* Exercise instructions
Below are entries. Copy exactly the lines running from the line that holds "Steel Vintage workshop" to the line that holds "退却ストレージ非常に怒っていますGalaxy S7 Edge", with both ends included.

*** Record set ***

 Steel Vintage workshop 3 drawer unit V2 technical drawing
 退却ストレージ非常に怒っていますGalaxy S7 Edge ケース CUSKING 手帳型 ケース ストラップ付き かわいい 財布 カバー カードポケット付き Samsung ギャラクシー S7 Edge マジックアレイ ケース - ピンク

*** End of Record set ***
*** Record set ***

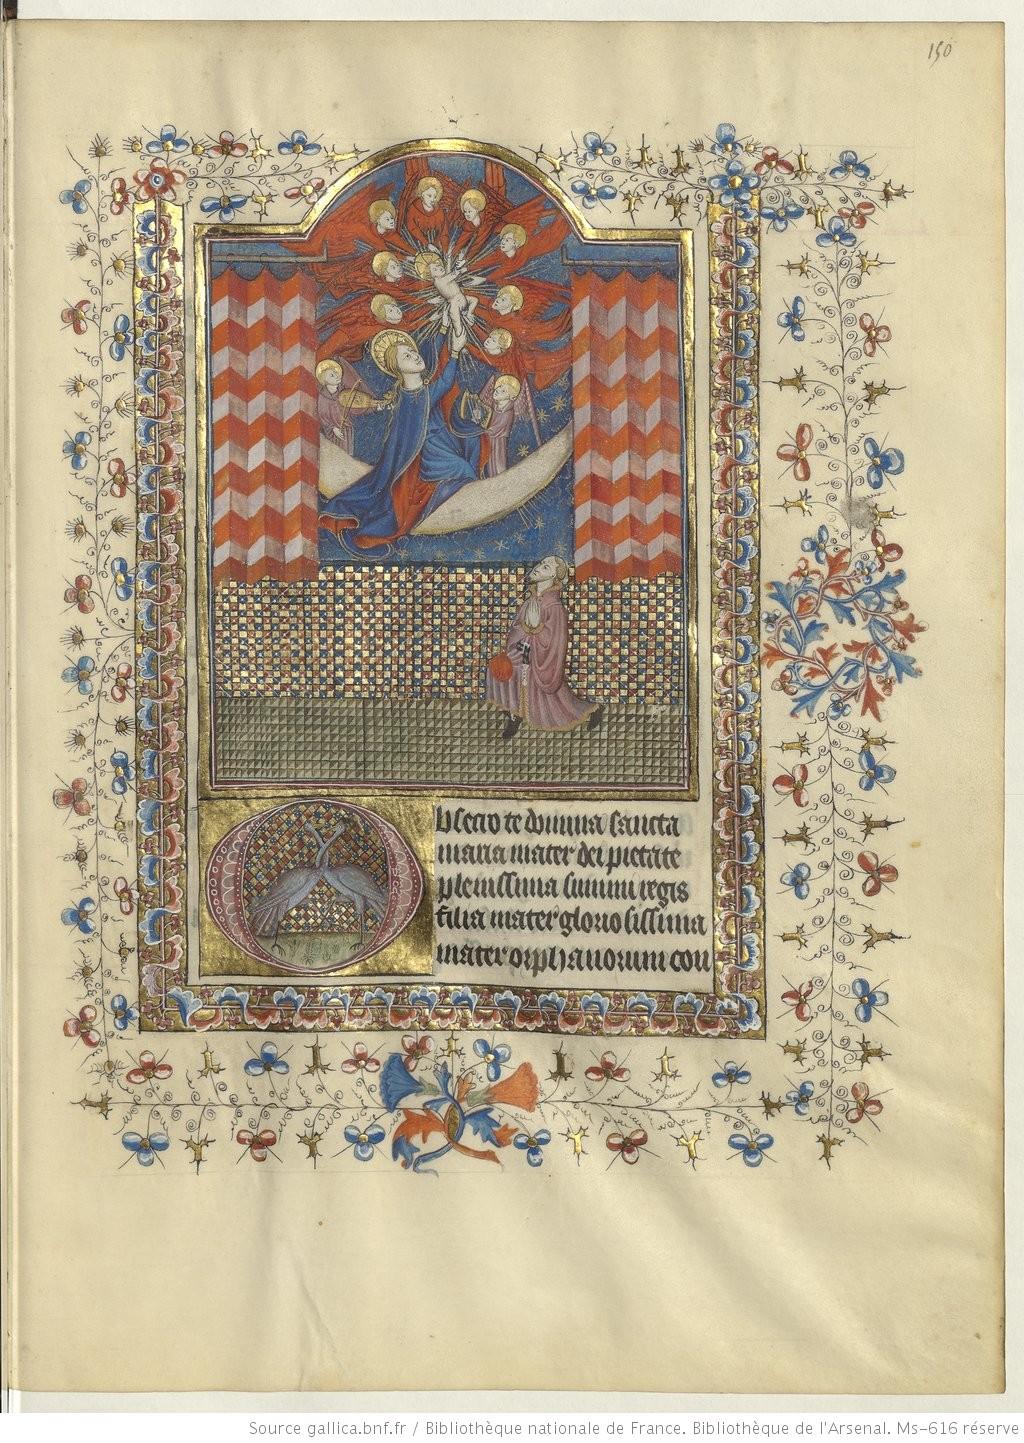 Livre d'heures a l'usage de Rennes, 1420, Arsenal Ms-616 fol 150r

*** End of Record set ***
*** Record set ***

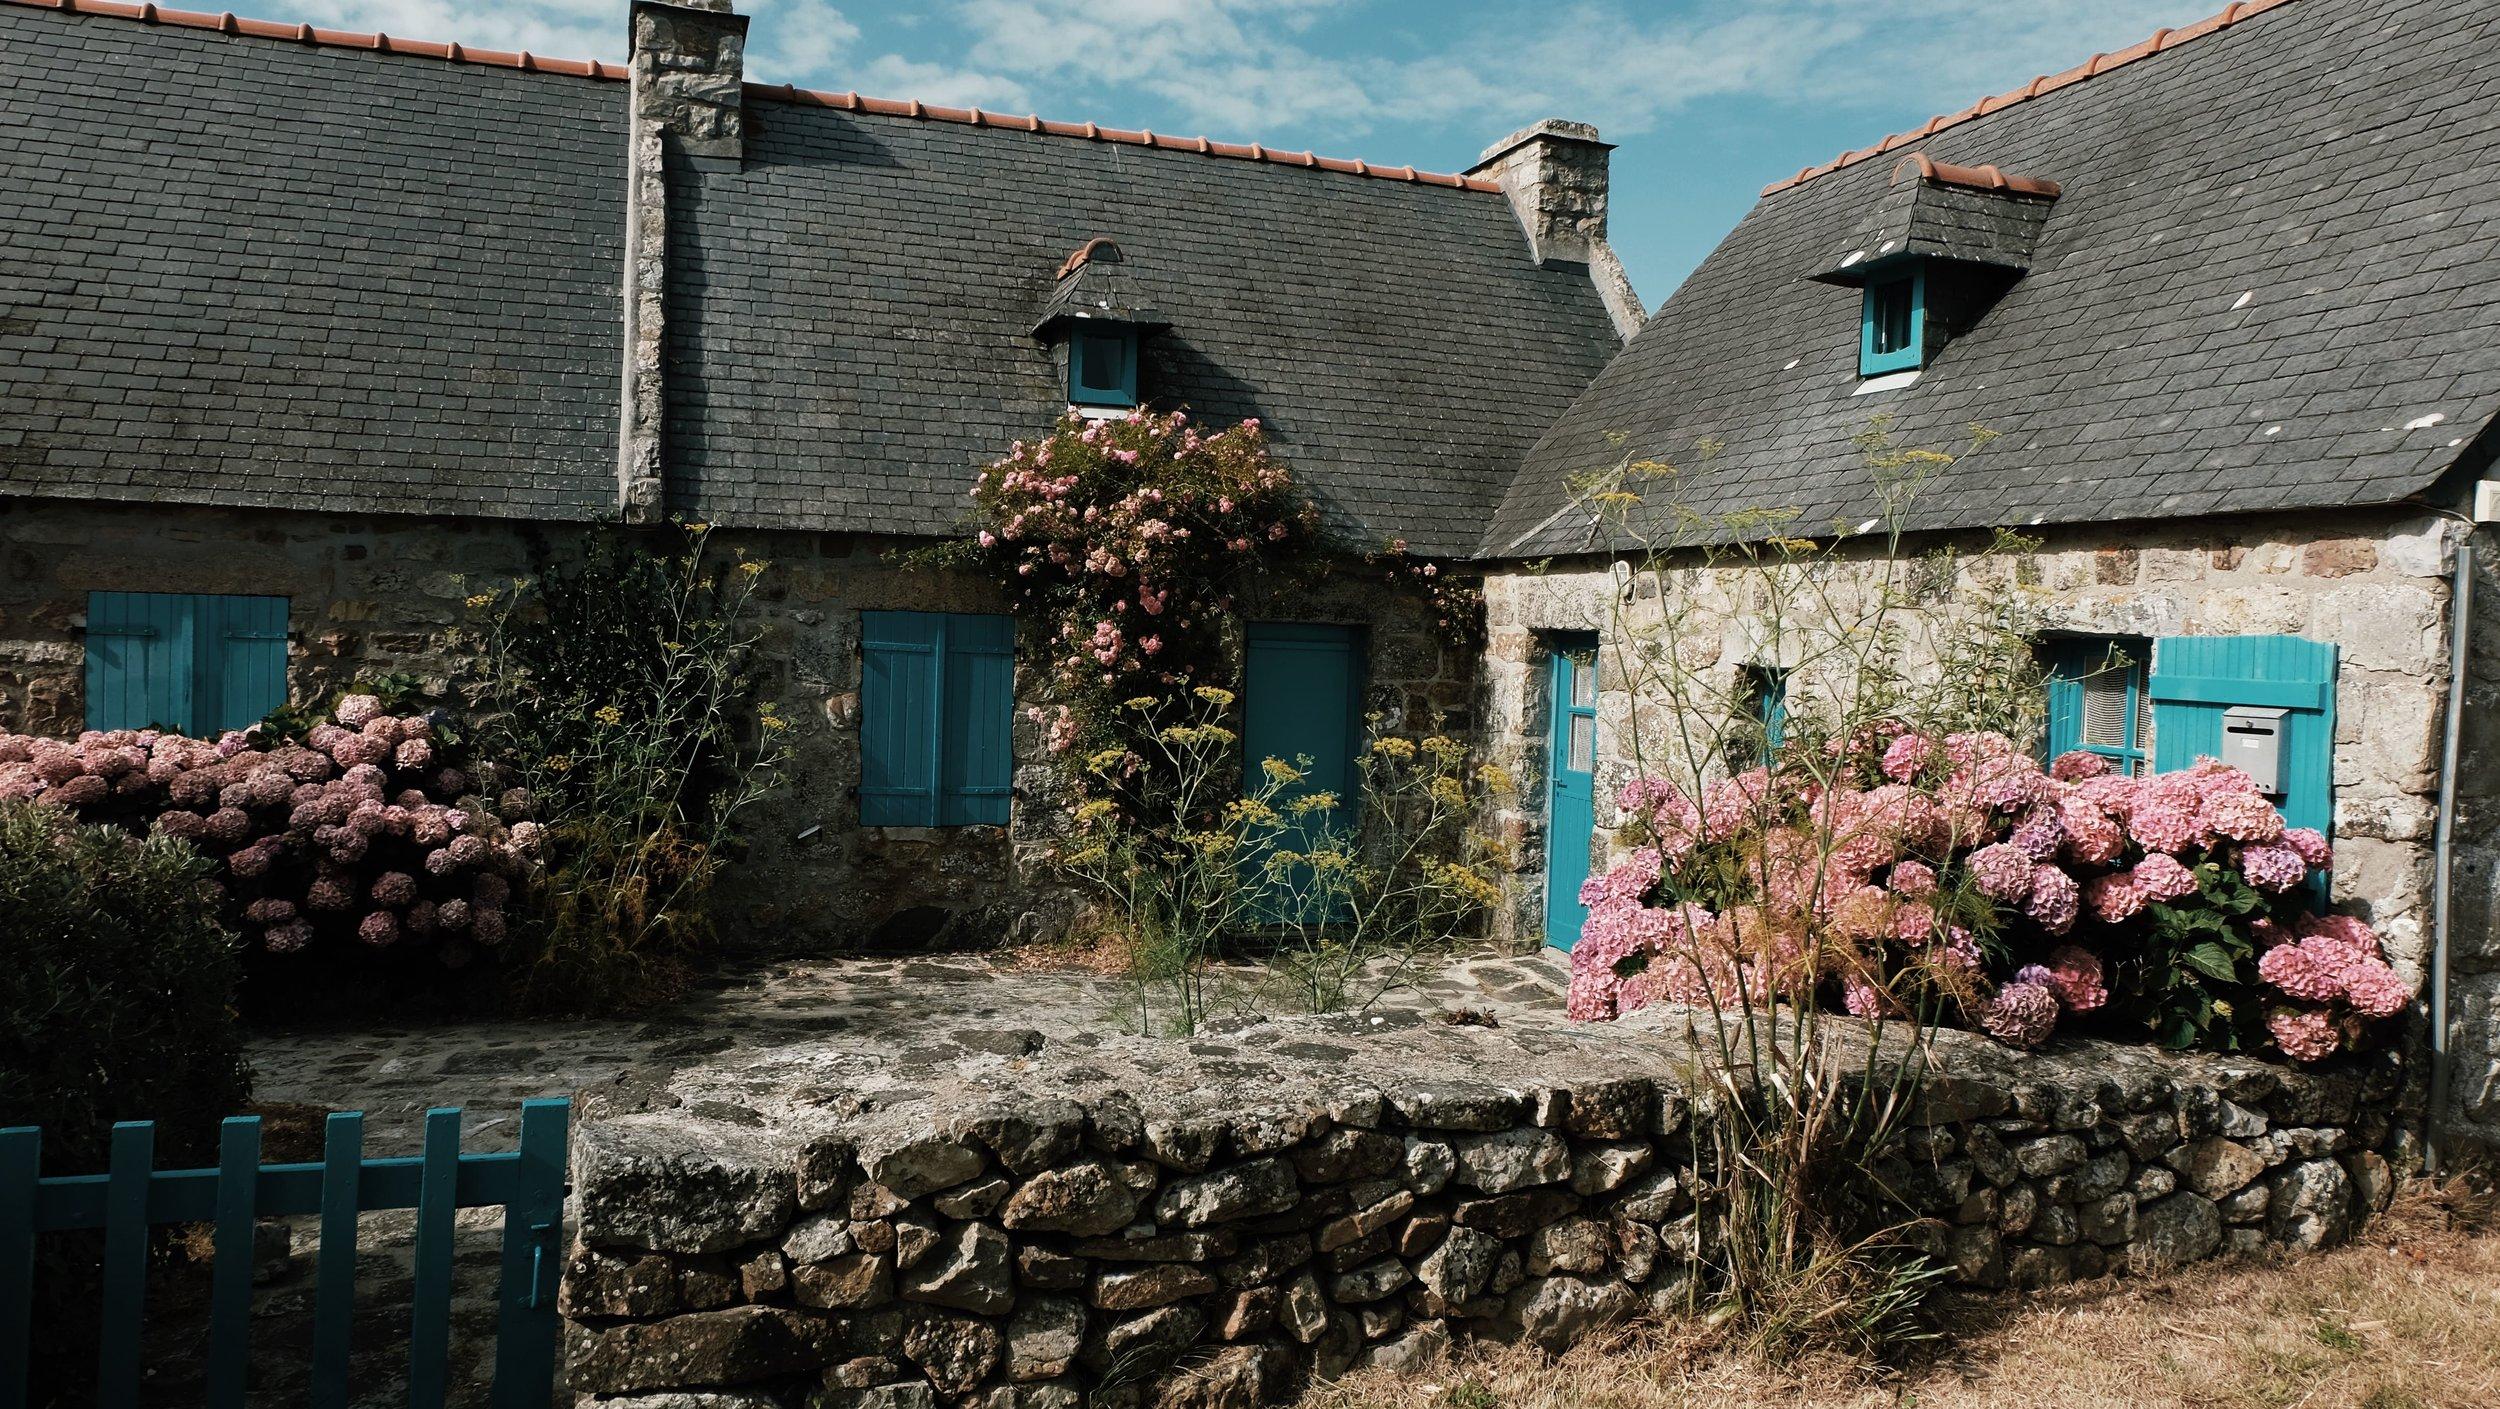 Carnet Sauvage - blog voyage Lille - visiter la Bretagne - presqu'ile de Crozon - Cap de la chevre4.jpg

*** End of Record set ***

* Problem solution
 Steel Vintage workshop 3 drawer unit V2 technical drawing
 退却ストレージ非常に怒っていますGalaxy S7 Edge ケース CUSKING 手帳型 ケース ストラップ付き かわいい 財布 カバー カードポケット付き Samsung ギャラクシー S7 Edge マジックアレイ ケース - ピンク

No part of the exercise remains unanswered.